Hello everyone, here is my dilemma:
I met this couple through a woman I was dating. Great people, alternative lifestyles, free spirited, loving, awesome children...I basically fell in love with the whole family. At first it was just total admiration and love towards them.

I started hanging out with the "husband", for lack of a better word, and we became really good friends, and to this day we work together and co-conspire on several different projects together. I also was spending quite a bit of time with the whole family, having dinner, hanging out, just having a great time.

One day on the way to a job, "Man" I will call him, told me that "Woman" wanted to get cuddly with me. Long story short, that's when I discovered they were polyamorous, and It wasn't long before there was much flirtation, and wonderful conversations about Love and all that it entails.

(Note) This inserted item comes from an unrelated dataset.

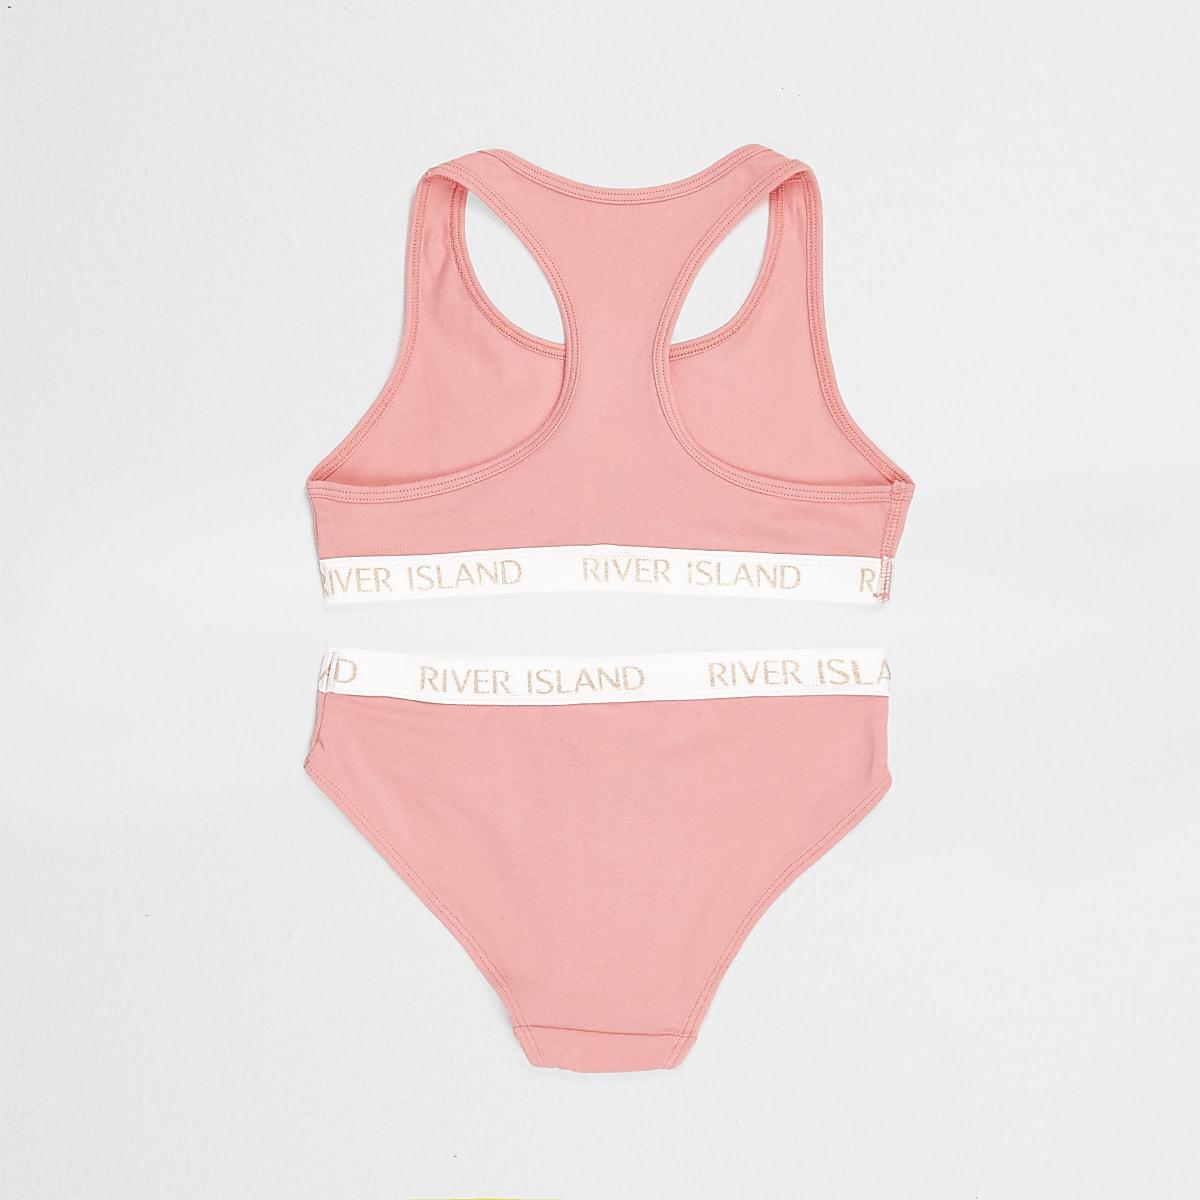 c8e6d13d0f0f Girls pink branded crop top and briefs set - Pyjamas & Underwear - girls
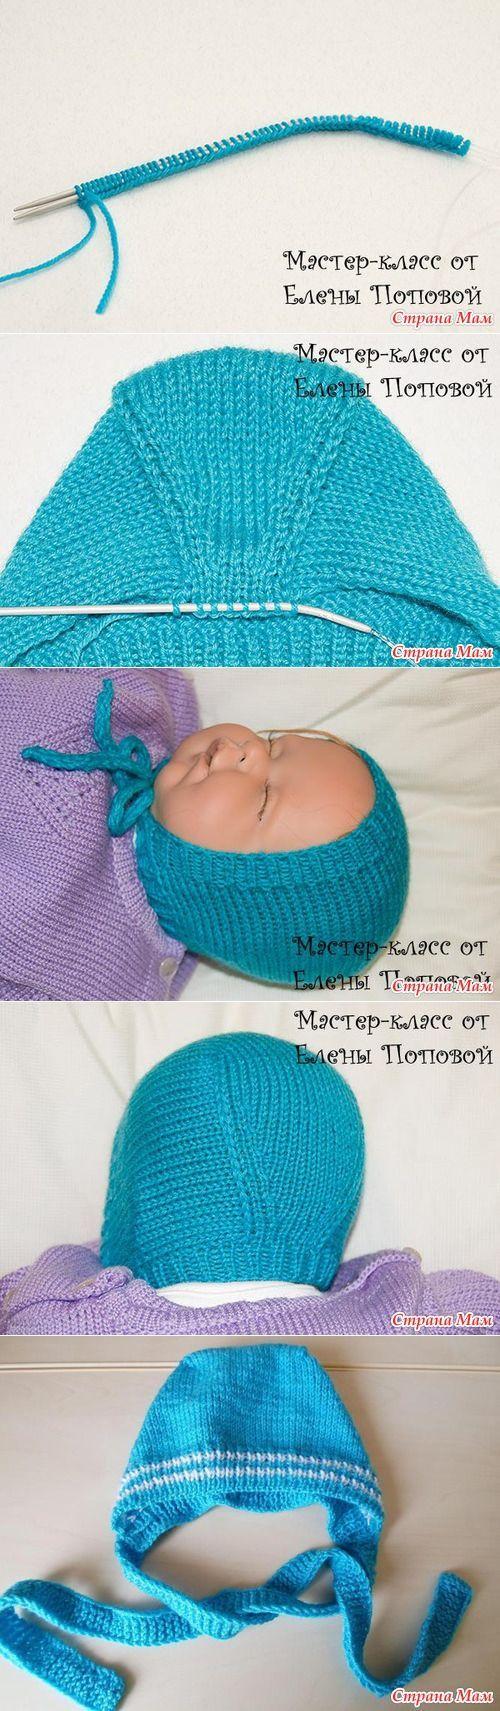 Caps for newborns. - Knitting for children - Country Mom

It has been a month or so since Woman and I, with loving permission from Man, have been seeing each other, and I am discovering that I am very vulnerable in this situation. I love them both VERY much, and we all get along super good, and have become a family, excepting they live together, and I live separate (with my own kids). There's no jealousy what so ever, but the problem I'm having is wanting to be with her more, like a typical girlfriend, and it just can't work out that way. I don't begrudge them there time together as a family, and I understand their relationship is inherently different because they have kids together and live together, but I long to have the same thing! It's hard because I'm in love with them both, but I'm having a physical relationship with Woman, and I'm feeling very attached. I guess that's the problem, my attachment? Also, whenever I express my vulnerability to Woman, she backs away, and it really hurts. I want to continue our relationship together, but I feel the need to somehow let go of my attachment to her as a "girlfriend", and just let it be what it is.

I welcome any encouragement, advise, or whatever that will possibly help open my heart up further so that I can enjoy this beautiful situation, and these beautiful people. Thanks for listening!